The invention relates to a formula and a preparation process of aztreonam for injection. The preparation process comprises the following steps of: preparing; removing pyrogen; degerming, namely, filtering a prepared liquid medicament with a 0.22 mu m grade filter membrane within 8 hours for degerming; filling, namely, filling the degermed liquid medicament into a small bottle within 8 hours; performing freeze drying, namely, transferring the small bottle filled with the liquid medicament onto a shelf board of a freeze dryer, pre-freezing at the temperature of 40 DEG C below zero for 2 to 3 hours, setting the temperature of the shelf board to be between 0 and 8 DEG C at a primary drying stage, setting the vacuum degree to be between 5 and 15 Pa and drying for about 19 hours until the temperature of the product is close to the set temperature; and setting the temperature of the shelf board to be between 30 and 40 DEG C at a secondary drying stage, setting the vacuum degree to be between5 and 15 Pa, drying for 3 to 5 hours until the temperature of the product is more than 25 DEG C, restoring the pressure of a freeze drying box to atmospheric pressure, compressing a bottle plug and removing the small bottle from the freeze drier. The preparation process has the advantages of short period, low energy consumption and the like.

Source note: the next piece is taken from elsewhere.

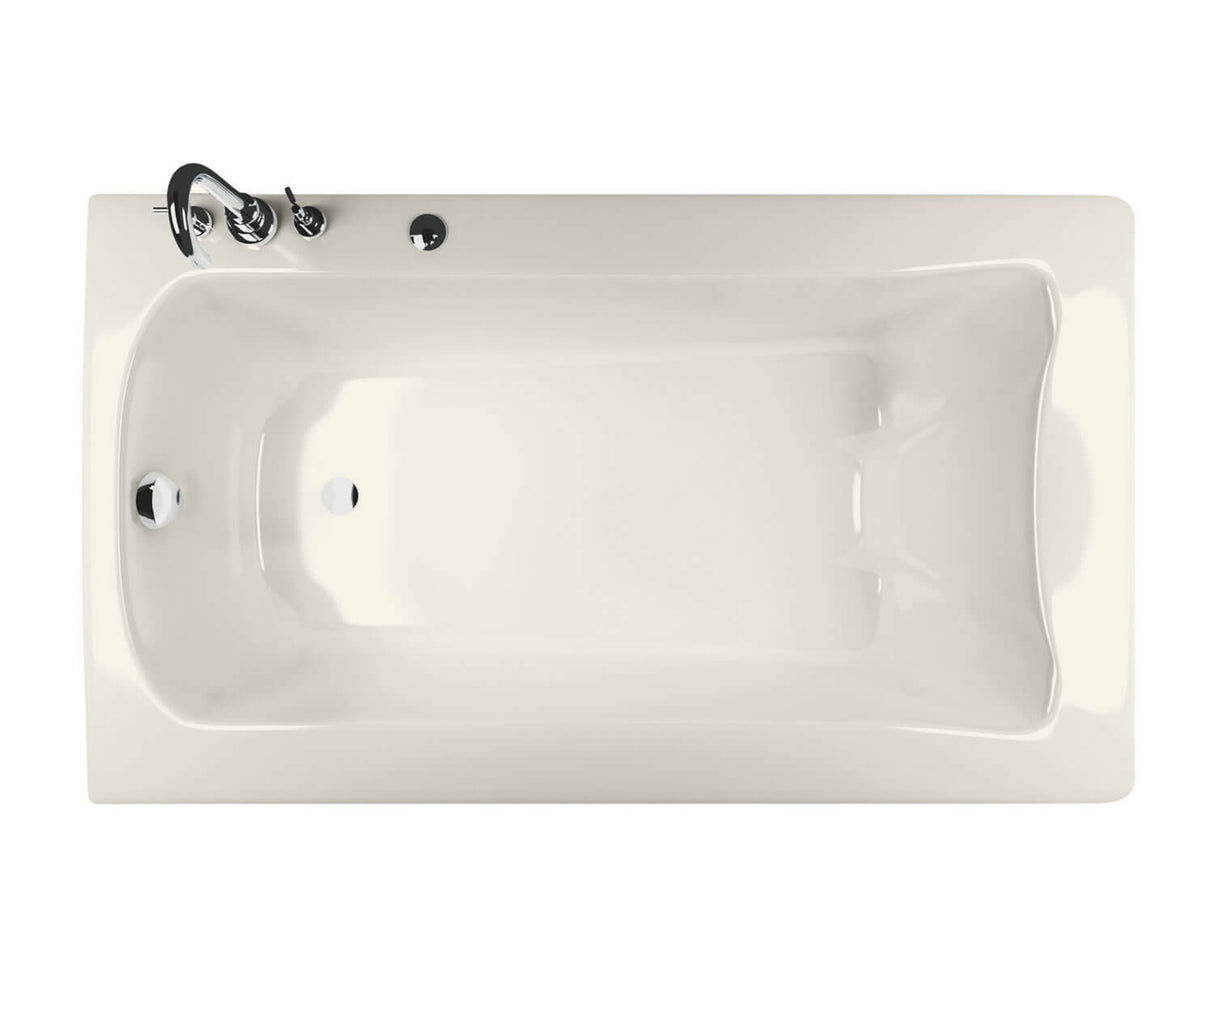 MAAX 105310-L-055-007 Release 6032 Acrylic Drop-in Left-Hand Drain Aerofeel Bathtub in Biscuit

The present invention relates to an aztreonam compound preparation method, which comprises the following operation steps: (1) dissolving and mixing a compound represented by a formula (I) and a compound represented by a formula (II) with an organic solvent, adding an alkali at a room temperature, carrying out a complete stirring reaction, cooling to a temperature of -20-10 DEG C, adding trifluoroacetic acid in a dropwise manner, stirring, filtering, and drying the filter cake to obtain a compound represented by a formula (III); and dissolving the compound represented by the formula (III) in formic acid, adding anisole, cooling to a temperature of -20-10 DEG C, adding hydrochloric acid in a dropwise manner, stirring, adding ethyl acetate, stirring, filtering, washing the filter cake with ethyl acetate, and drying to obtain the aztreonam compound represented by a formula (IV). Compared with the aztreonam compound preparation method in the prior art, the aztreonam compound preparation method of the present invention has characteristics of stable raw material source, low price, low cost, short reaction period, simple operation, high yield, less three-waste, environmental pollution reduction and high product purity, and is suitable for industrial production. The formula I, II, III and IV are as the follows.

The invention relates to the β polymorph of Aztreonam, which contains less than 2.5% by weight residual solvent and to a process of making said polymorph.

The invention discloses a method for preparing an aztreonam (AZT) powder aerosol. The method comprises the following steps: accurately weighing a certain quantity of AZT or AZT and auxiliary materials; dissolving the weighed AZT or AZT and auxiliary materials in an appropriate solvent to obtain a basic solution; spray-drying the basic solution to manufacture corresponding dry powder particles, wherein the auxiliary material is amino acid and / or an absorption enhancing agent. According to the method, the particle diameters of the prepared AZT dry powder particles are within the inhalable range, so that favorable dispersity and efficient lung delivery efficiency are achieved.